Monday, November 27, 2006

Black Friday

Now Black Friday has always been phantom in my mind. I’ve seen pictures, heard stories, but have never been ‘privileged’ enough to encounter this historically ridiculous event. That was, up until this year. This was the first year I did not have to work on this day of all shopping days, so my mom and I decided to venture forth and pillage for ourselves.

Now contrary to popular belief, the stores do not become less crowded once ‘door buster’ deals have expired. This was mistake number one. Thinking maybe that if we hit the mall after 11:00 we would beat much of the rush and avoid many annoying crowds is completely false. Unfortunately, we were not the only ones with this idea. There is simply a new wave of idiots that inhabit the retail stores at this time.

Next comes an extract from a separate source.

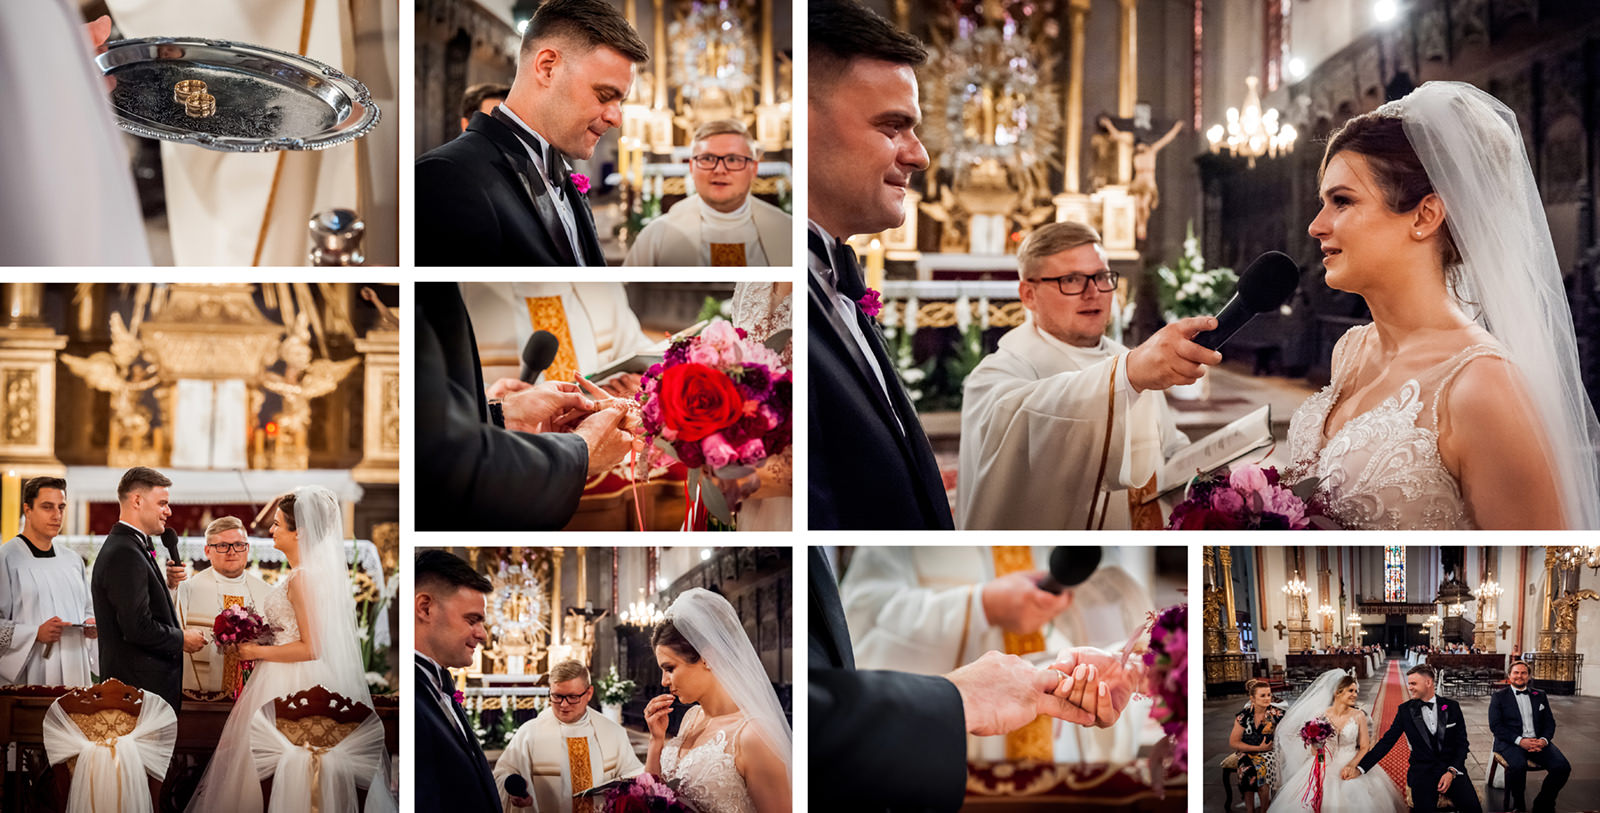 Ważne aby podczas przysięgi małżeńskiej fotograf pokazał zarówno detale obrączek jak i plan ogólny. W reportażu ślubnym powinny znaleźć się zarówno zbliżenia na emocje pary młodej jak i całe sylwetki na tle ołtarza i kapłana udzielającego ślubu. Fotograf Ślubny Gdańsk Sopot Gdynia Rafał Kowalski

I’ll try to keep my summary brief, but I want to let you in a few stand out stories from today, as I would like to jump right into my Guidelines of Shopping on Black Friday. Driving into the mall it takes about 15 minutes to even find a parking spot. I wasn’t even trying to attain a close one. Once in the mall, there is an abundance of body odor, visions of people that rarely, if ever, goes out in public. They reminded me of the creatures that live at the bottom of the ocean that are only seen with high tech cameras that, thank the lord, are not generally researched and left as a mystery. Well, mystery no more. They were all out. Also, in the streamline of people in general, if you work at a retail store, one piece of advice: Black Friday comes every year. I don’t care if you are crabby, hung over, or whatever excuse you may have. It is your job to smile, help, and be nice. If you can’t handle it, don’t do it.

My second of three, minor, uninteresting stories is of my long lost friend at Pac Sun. As my mom and I walk in, one of their designated ‘greeters’ gives us this wide-eyed excited look and exclaimed, “No way…. Dude!” Yep, that is what he said. Now, I turn around thinking who the hell is he talking to, but with a shirt rack behind me I realize it’s me. As I walk forward he continues with “I haven’t seen you since graduation…wow, how are you….. Wait, OH MY GOD.. I’m sorry, I don’t know you.” Well thank you genius I figured that out when I looked at you and the word ‘stranger’ came to mind. So, as if this is not embarrassing enough for him or me, he goes on to shout to other coworkers in the store… “Hey, see that girl… I totally thought she was someone I went to school with, looks just like her… but its not.” Again, thank you, now everyone knows that you don’t really know me. Wow, you are good. So my mom and I browse for a few short minutes, however, trying to hold in my laughter at the sheer idiocy of the situation, we begin to walk out and I end with my own comment of “well hey, it was nice seeing you again…graduation seemed so long ago.”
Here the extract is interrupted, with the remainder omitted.